You are viewing a plain text version of this content. The canonical link for it is here.
Posted to user@hbase.apache.org by Christopher Dorner <ch...@gmail.com> on 2011/10/16 11:48:21 UTC
Reduce-side-join, input from hbase and hdfs
Hi,
I am considering doing Reduce-Side-Joins, where one input would be read
from HDFS and another one from a HBase Table.
is it somehow possible to use
TableMapReduceUtil.initTableMapperJob(table, scan, Mapper_HBase.class,
..., job);
and
MultipleInputs(job, path, ..., Mapper_HDFS.class)
in the same time for one job?
It seems, MultipleInputs(...) gets the priority when i tried to use
both. The Mapper_HBase was not executed. It executes, when i remove the
MultipleInputs.
And is there something equivalent to MultipleInputs() for HBase Tables?
e.g. MultipleTableInputs()? I saw there was a request here
https://issues.apache.org/jira/browse/HBASE-2965
A workaround would be to write the Scan Results to HDFS first and do the
reduce-side join by using MultipleInputs. But i wanted to avoid this
additional I/O overhead.
Thanks,
Christopher
Re: Reduce-side-join, input from hbase and hdfs
Posted by Jean-Daniel Cryans <jd...@apache.org>.

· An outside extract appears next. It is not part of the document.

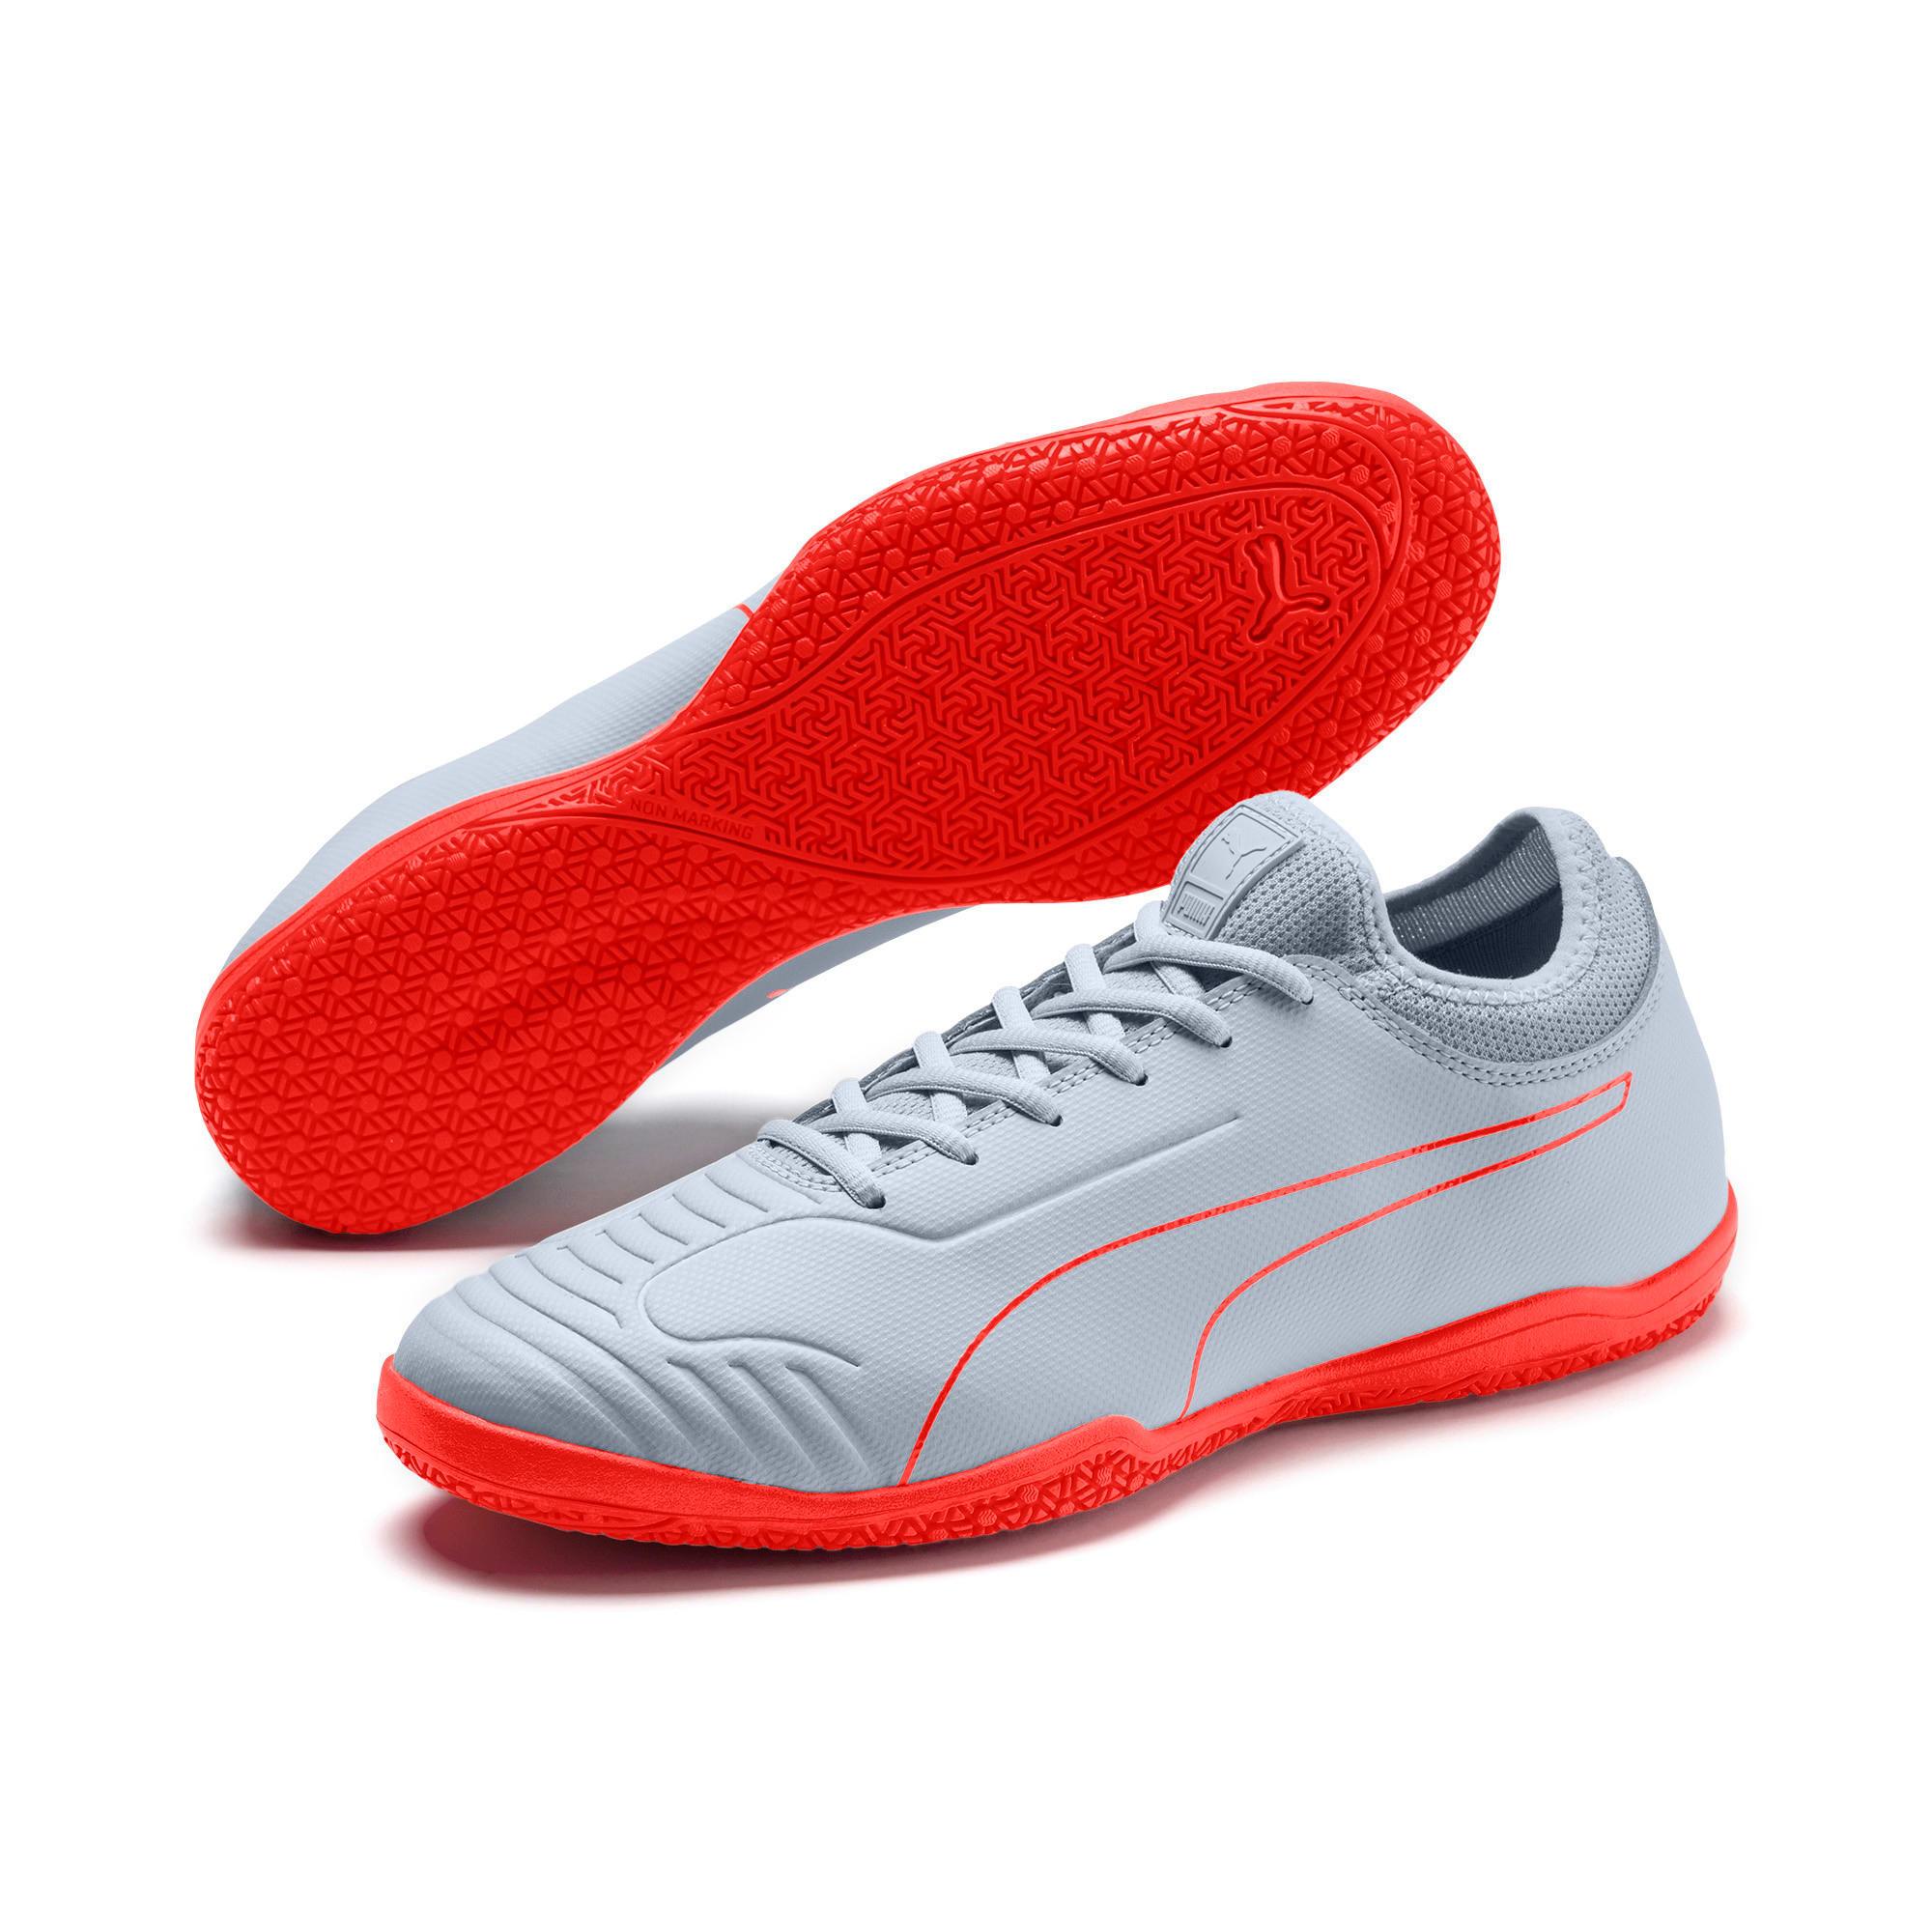 Thumbnail 2 of 365 Sala 2 Men's Soccer Shoes, Grey Dawn-Nrgy Red, medium

You cannot have 2 input formats, so at this point you need to write your own
input format that is both an input format for HDFS files and HBase.
Currently there's no MultipleTableInputFormat, although it wouldn't solve
your problem because it won't take HDFS inputs.

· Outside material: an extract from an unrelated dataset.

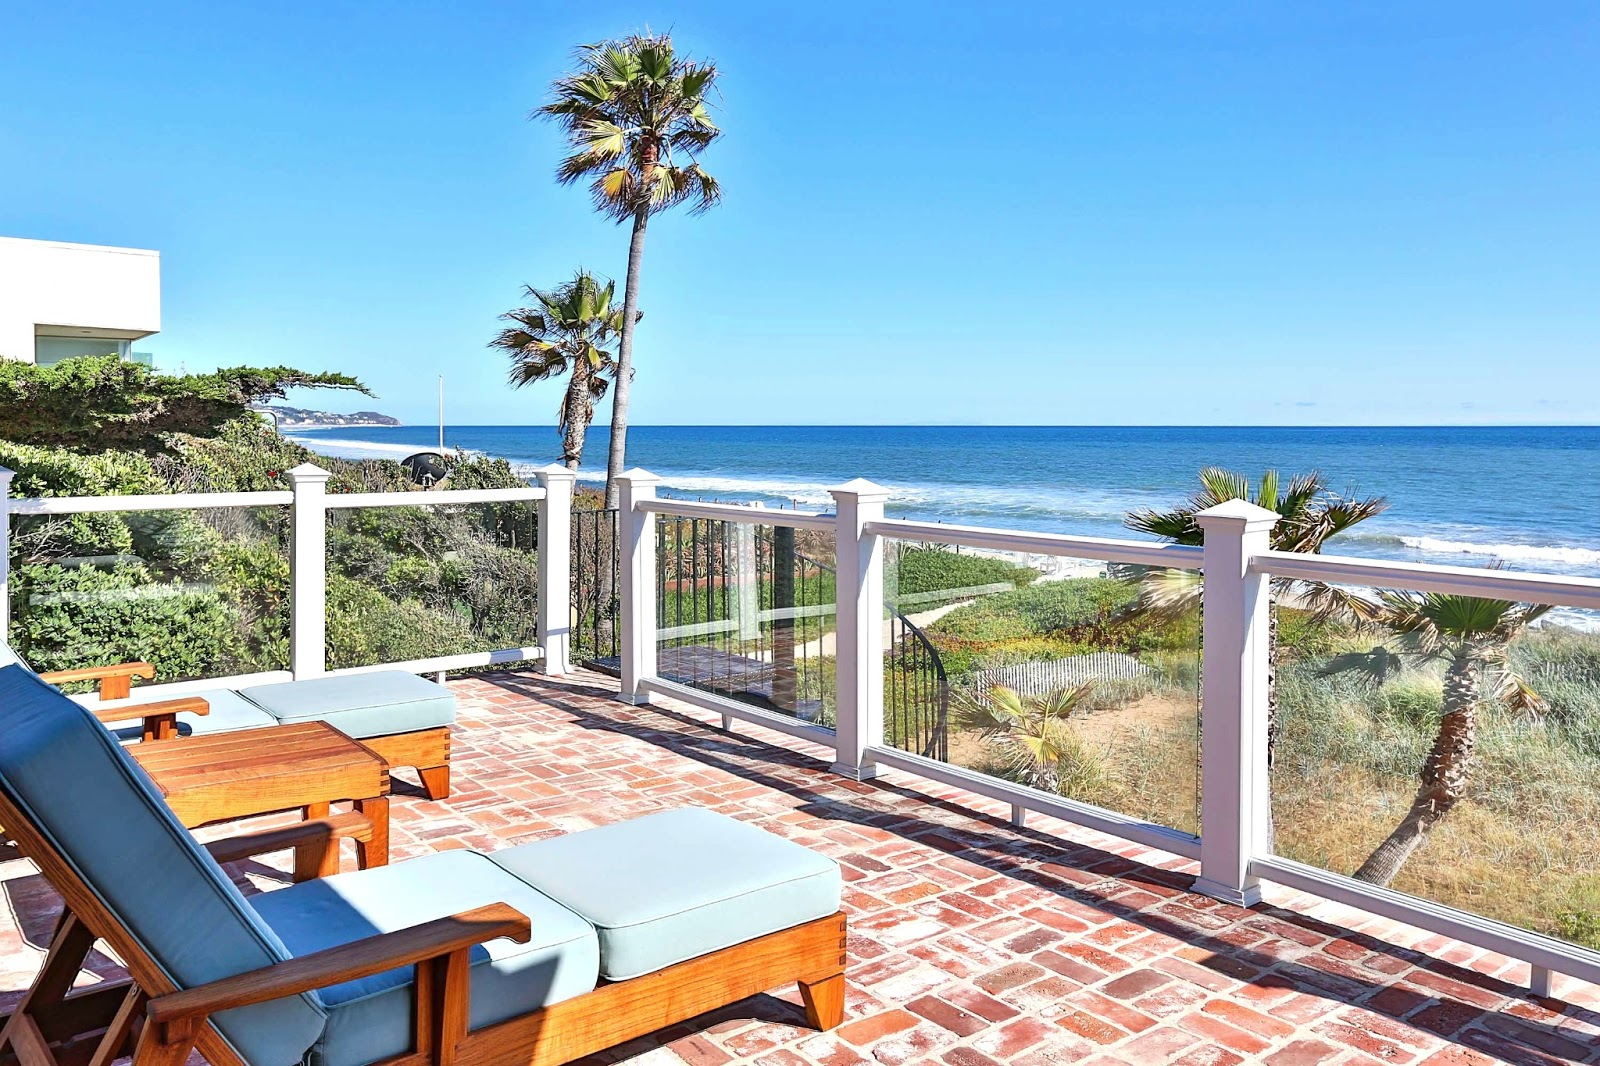 Cococozy 24 million dollar malibu estate see this house for Malibu california beach houses

Your other option sounds right, although slower as you mentioned.
J-D
On Sun, Oct 16, 2011 at 2:48 AM, Christopher Dorner <
christopher.dorner@gmail.com> wrote:
> Hi,
>
> I am considering doing Reduce-Side-Joins, where one input would be read
> from HDFS and another one from a HBase Table.
>
> is it somehow possible to use
>
> TableMapReduceUtil.**initTableMapperJob(table, scan, Mapper_HBase.class,
> ..., job);
>
> and
>
> MultipleInputs(job, path, ..., Mapper_HDFS.class)
>
> in the same time for one job?
> It seems, MultipleInputs(...) gets the priority when i tried to use both.

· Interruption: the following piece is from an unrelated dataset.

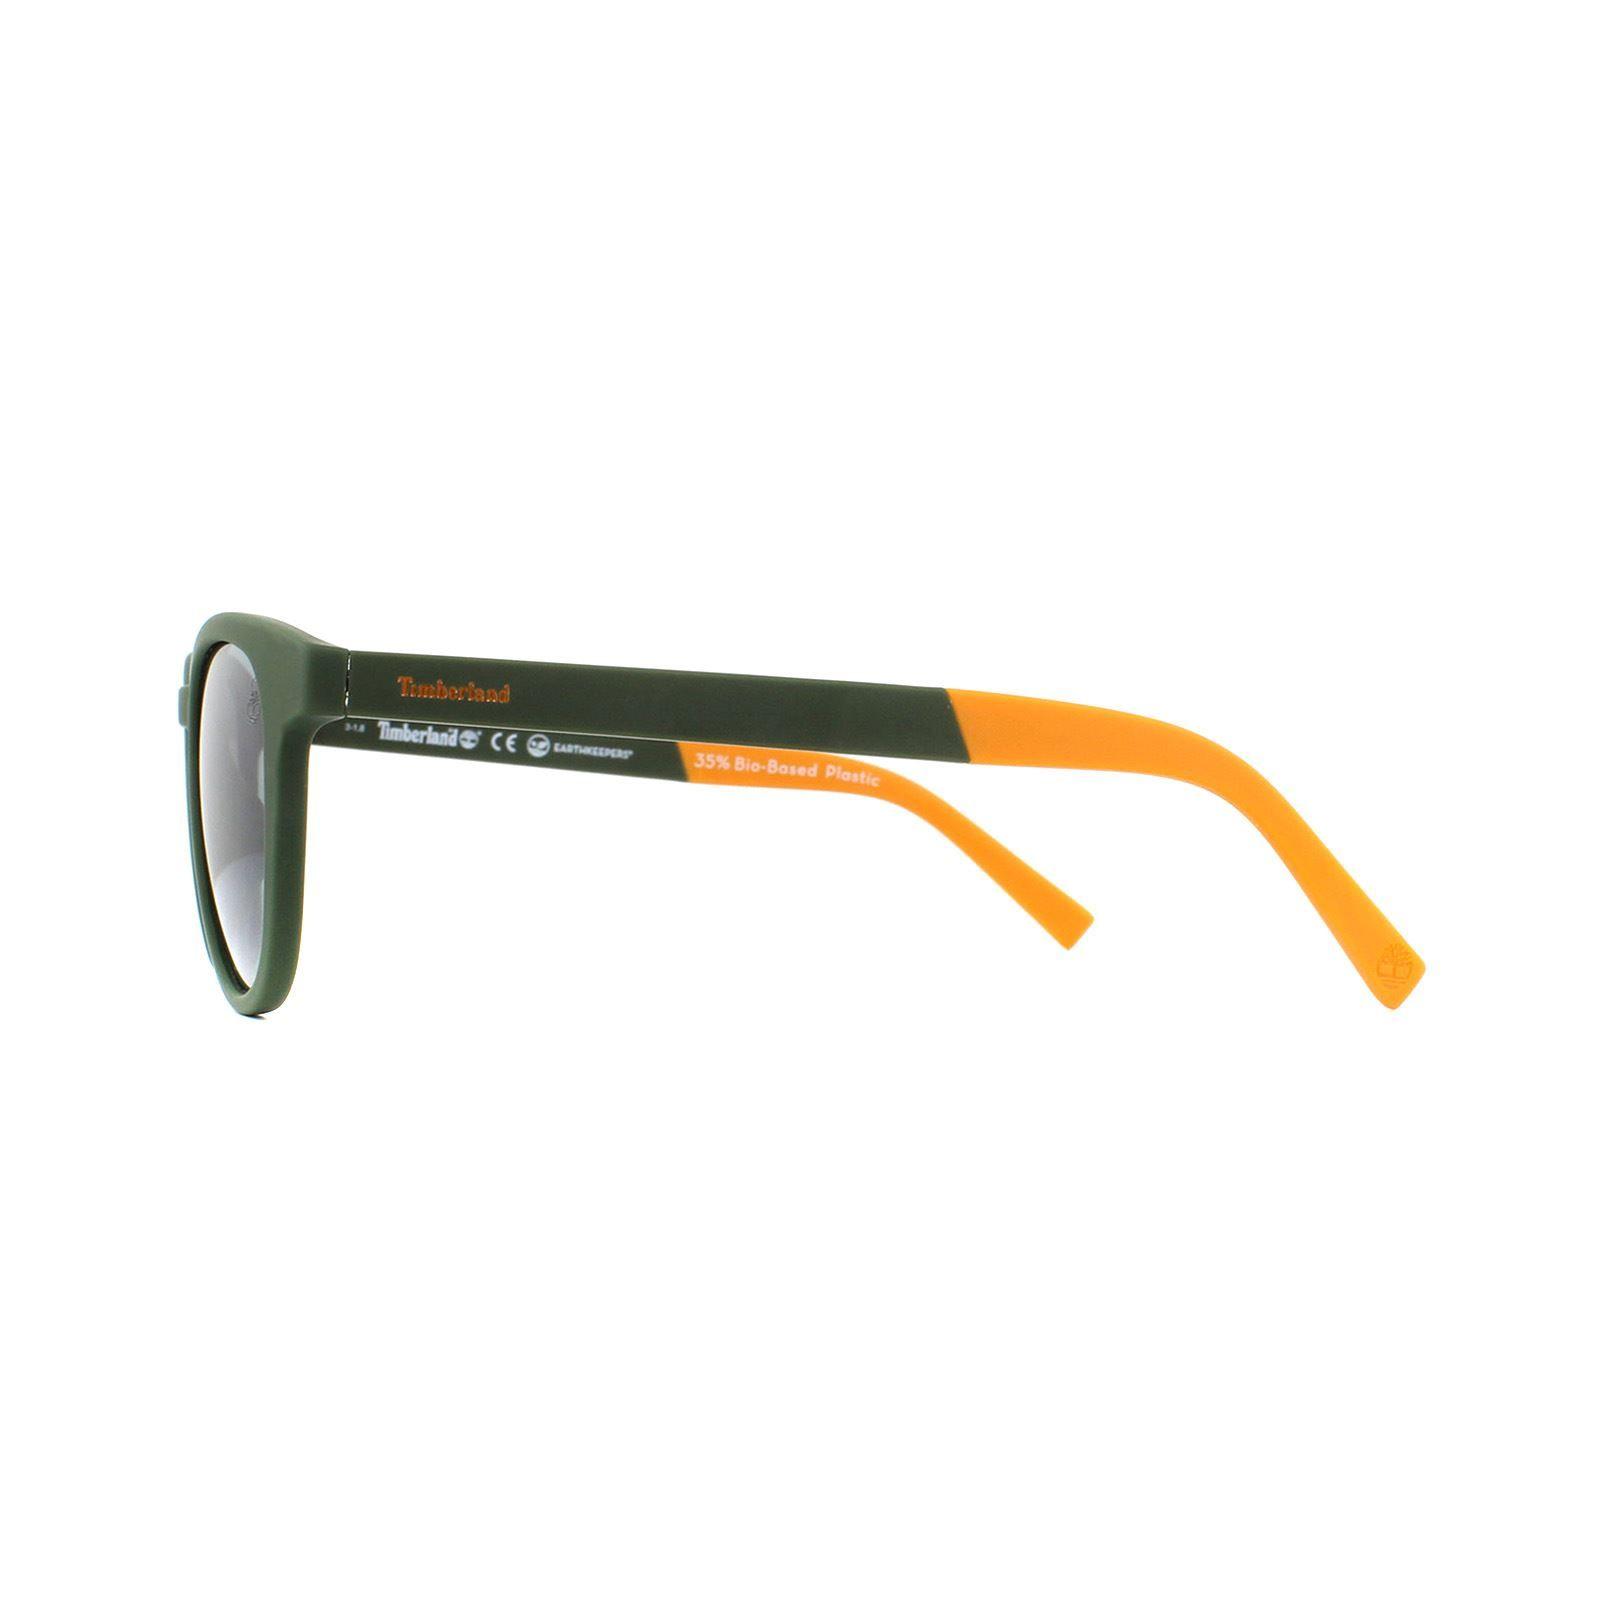 Timberland Sunglasses TB9128 97D Dark Green Grey Polarized

> The Mapper_HBase was not executed. It executes, when i remove the
> MultipleInputs.
>
>
> And is there something equivalent to MultipleInputs() for HBase Tables?
> e.g. MultipleTableInputs()? I saw there was a request here
> https://issues.apache.org/**jira/browse/HBASE-2965<https://issues.apache.org/jira/browse/HBASE-2965>
>
>
> A workaround would be to write the Scan Results to HDFS first and do the
> reduce-side join by using MultipleInputs. But i wanted to avoid this
> additional I/O overhead.
>
> Thanks,
> Christopher
>
>
>
>